__Input data__.

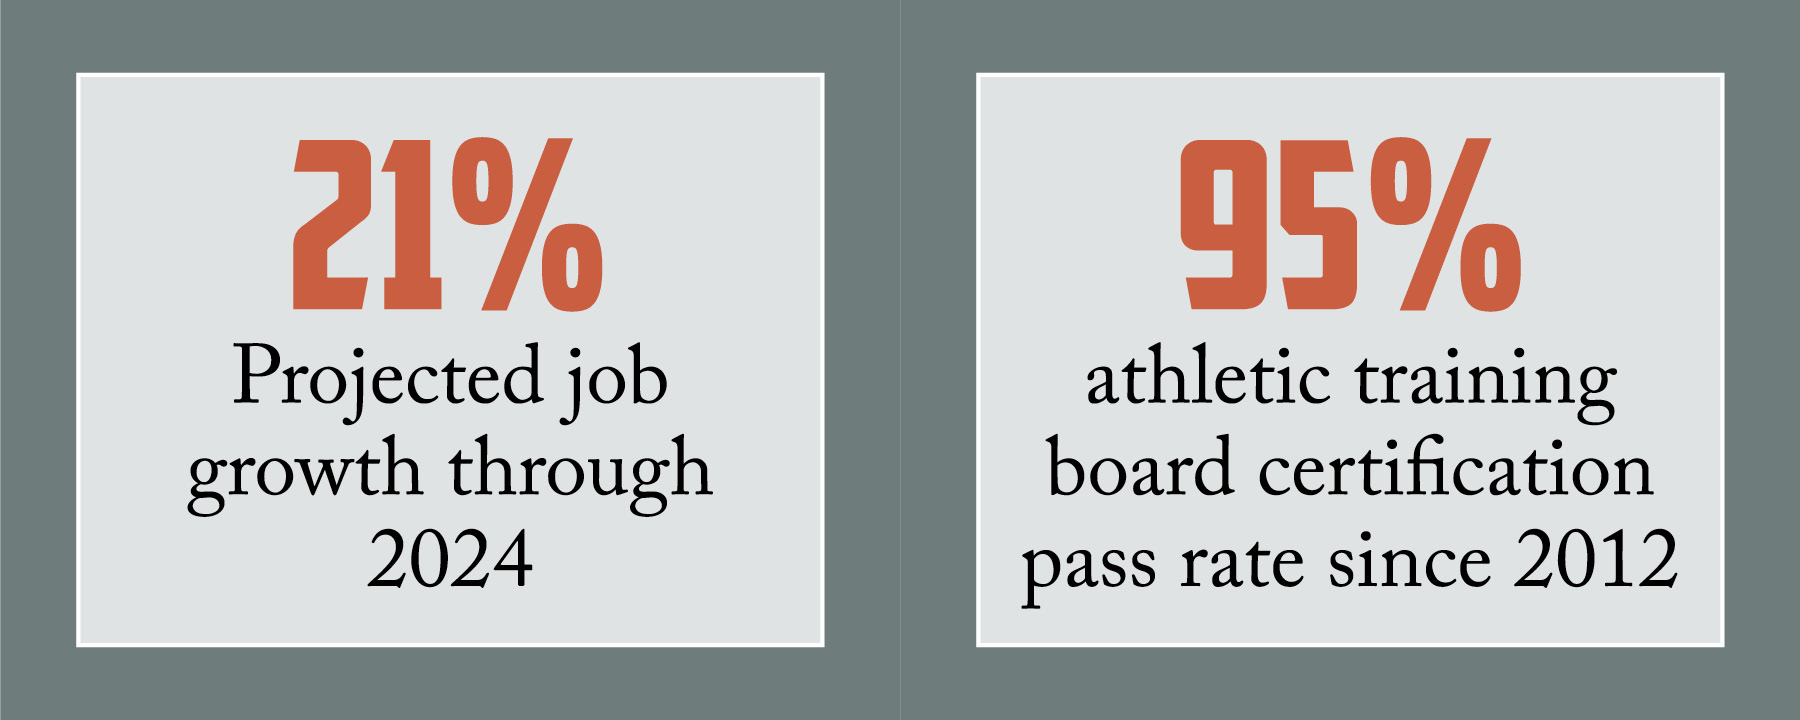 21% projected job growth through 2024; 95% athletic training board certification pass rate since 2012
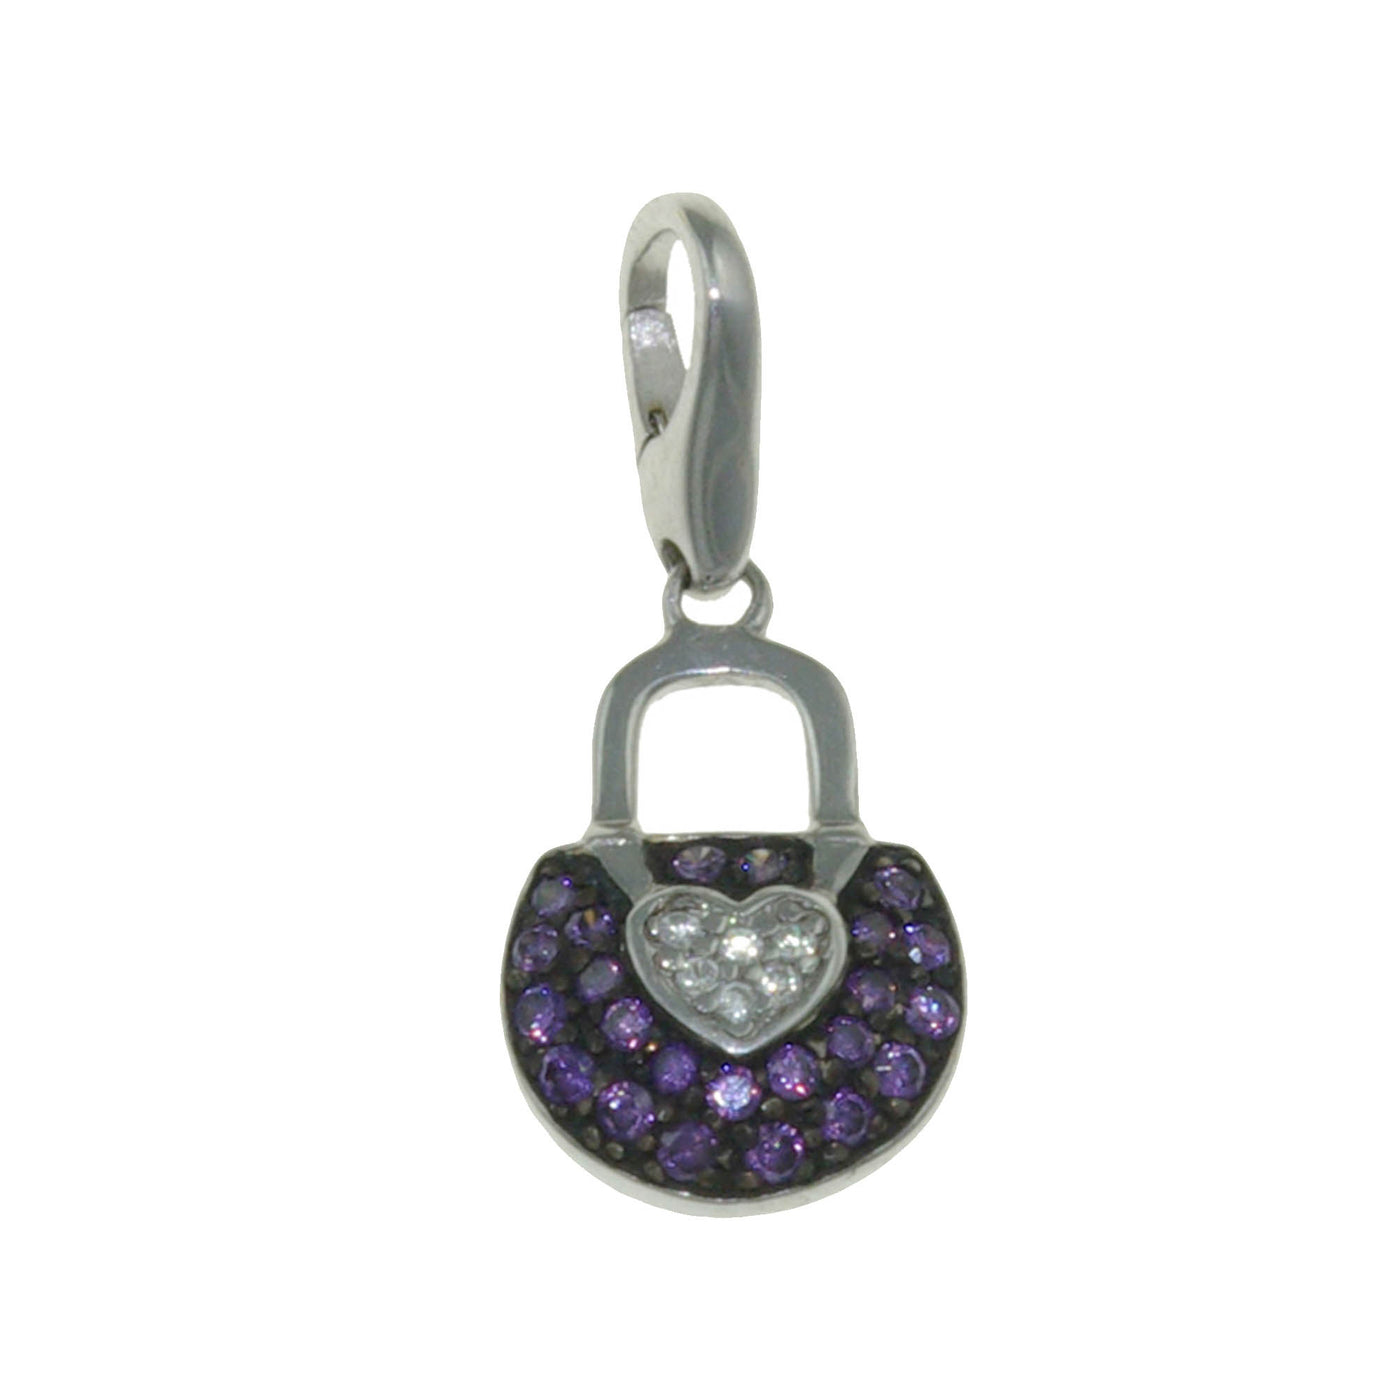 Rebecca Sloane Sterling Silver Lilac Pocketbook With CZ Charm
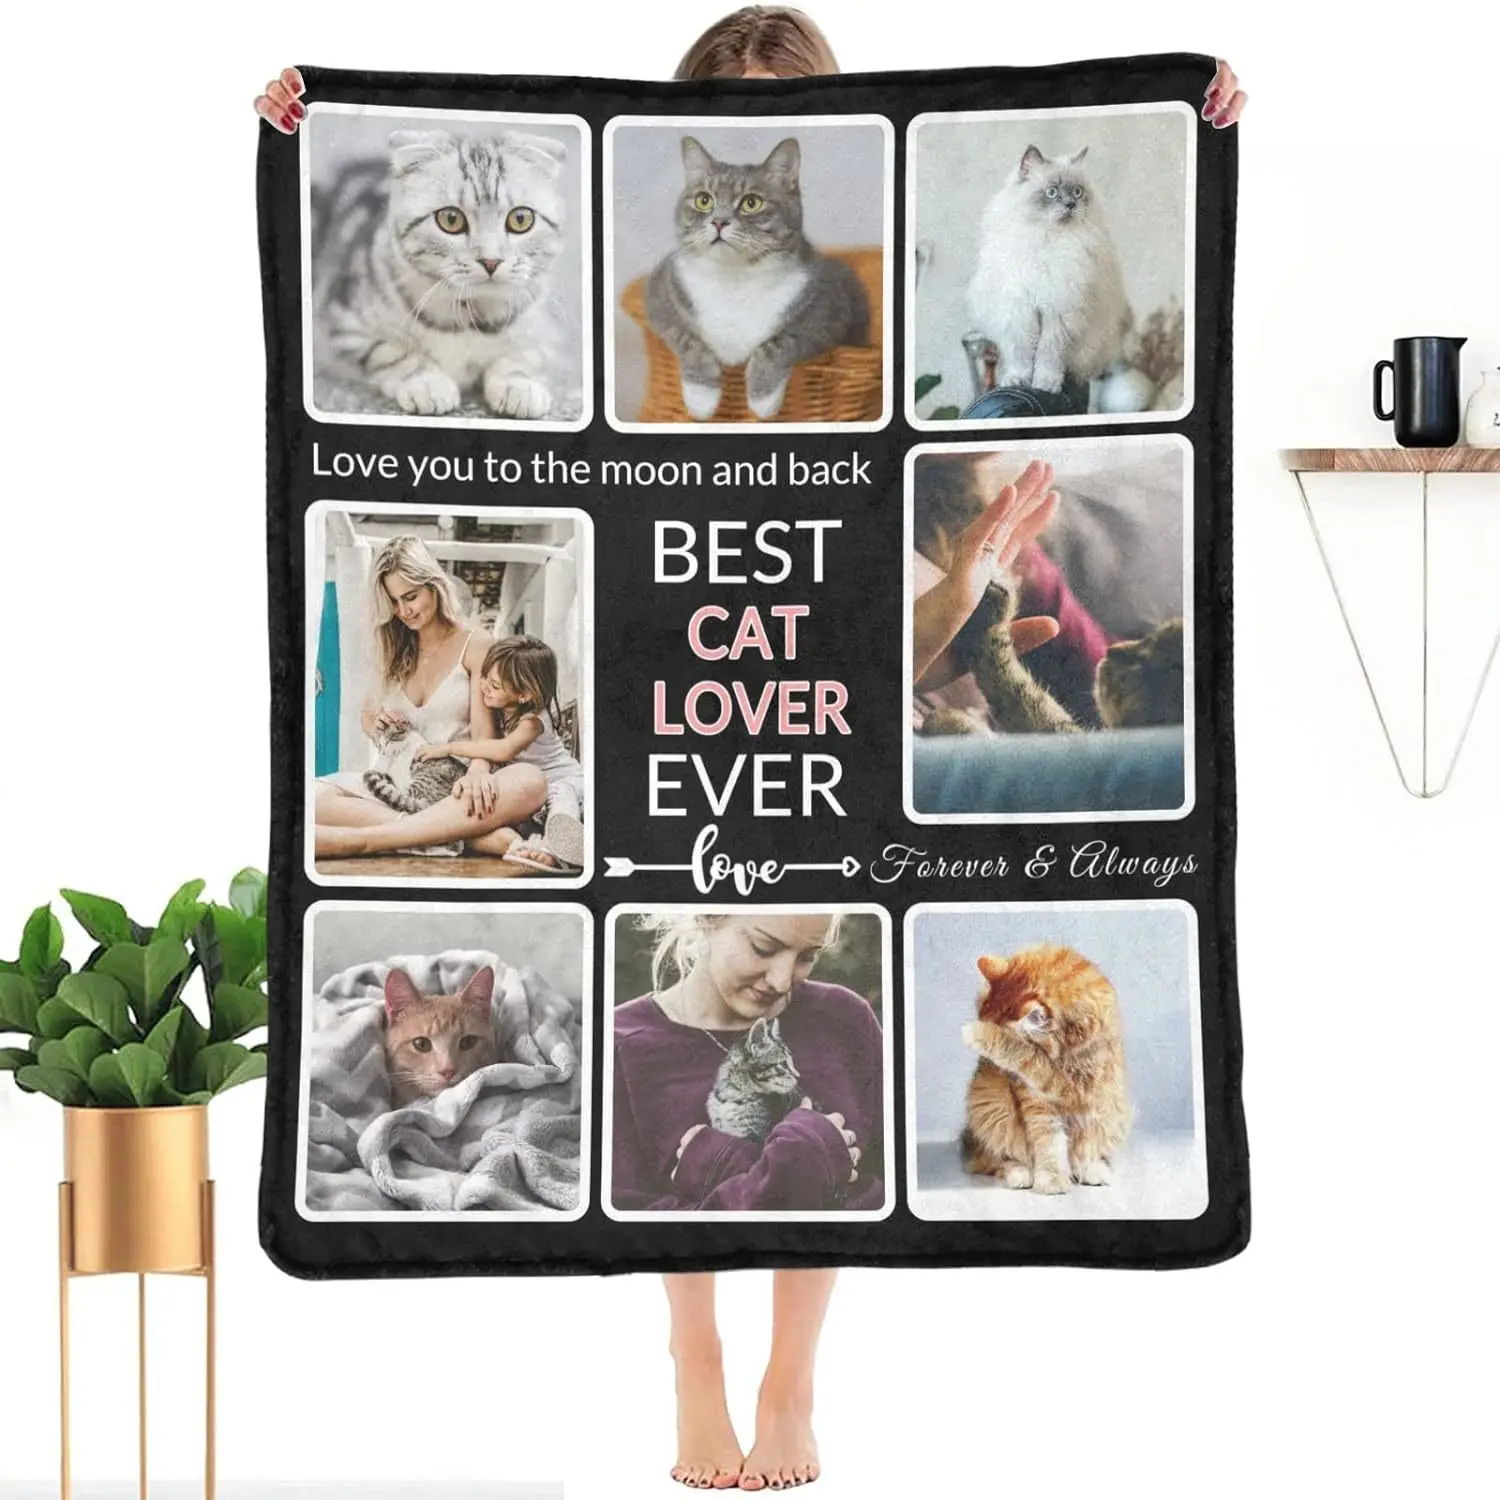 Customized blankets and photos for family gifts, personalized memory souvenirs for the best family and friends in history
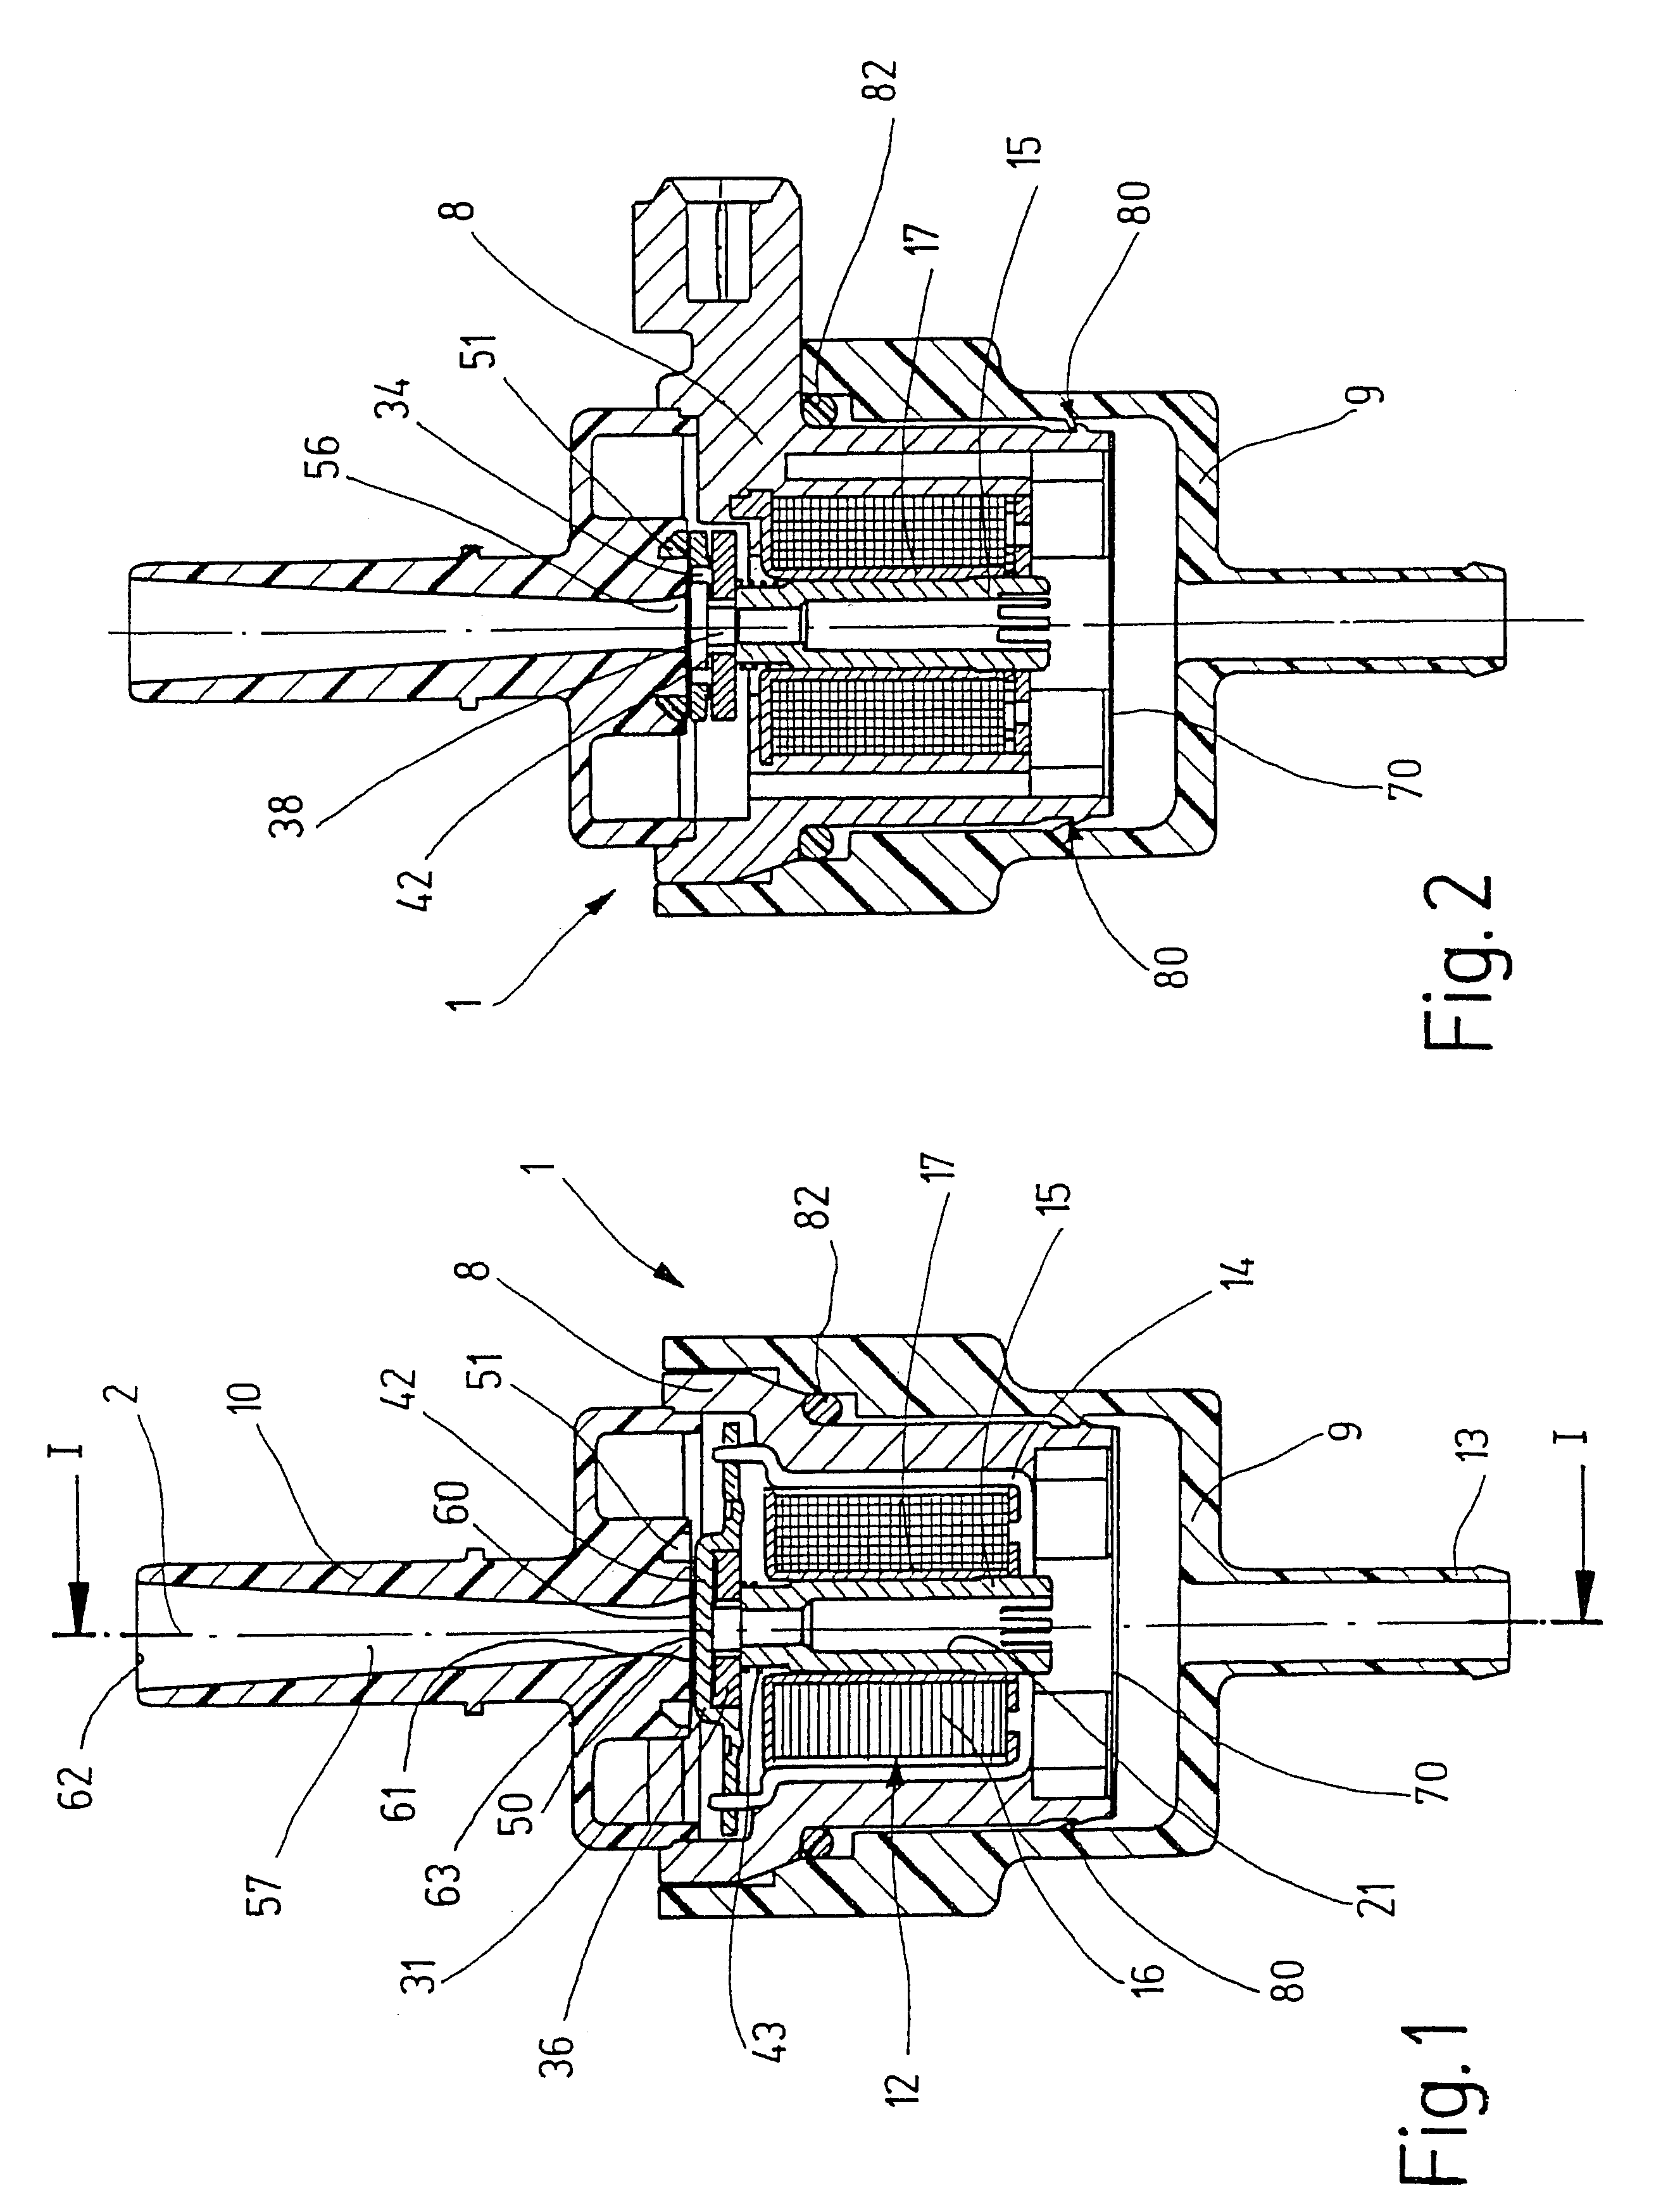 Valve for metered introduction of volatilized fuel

__Task item__. Output, exactly as written, only the lines from the beginning of the listing through the line containing "Customized blankets and", both included, and no pictures.

__Task response__.
 21% projected job growth through 2024; 95% athletic training board certification pass rate since 2012
 Rebecca Sloane Sterling Silver Lilac Pocketbook With CZ Charm
 Customized blankets and photos for family gifts, personalized memory souvenirs for the best family and friends in history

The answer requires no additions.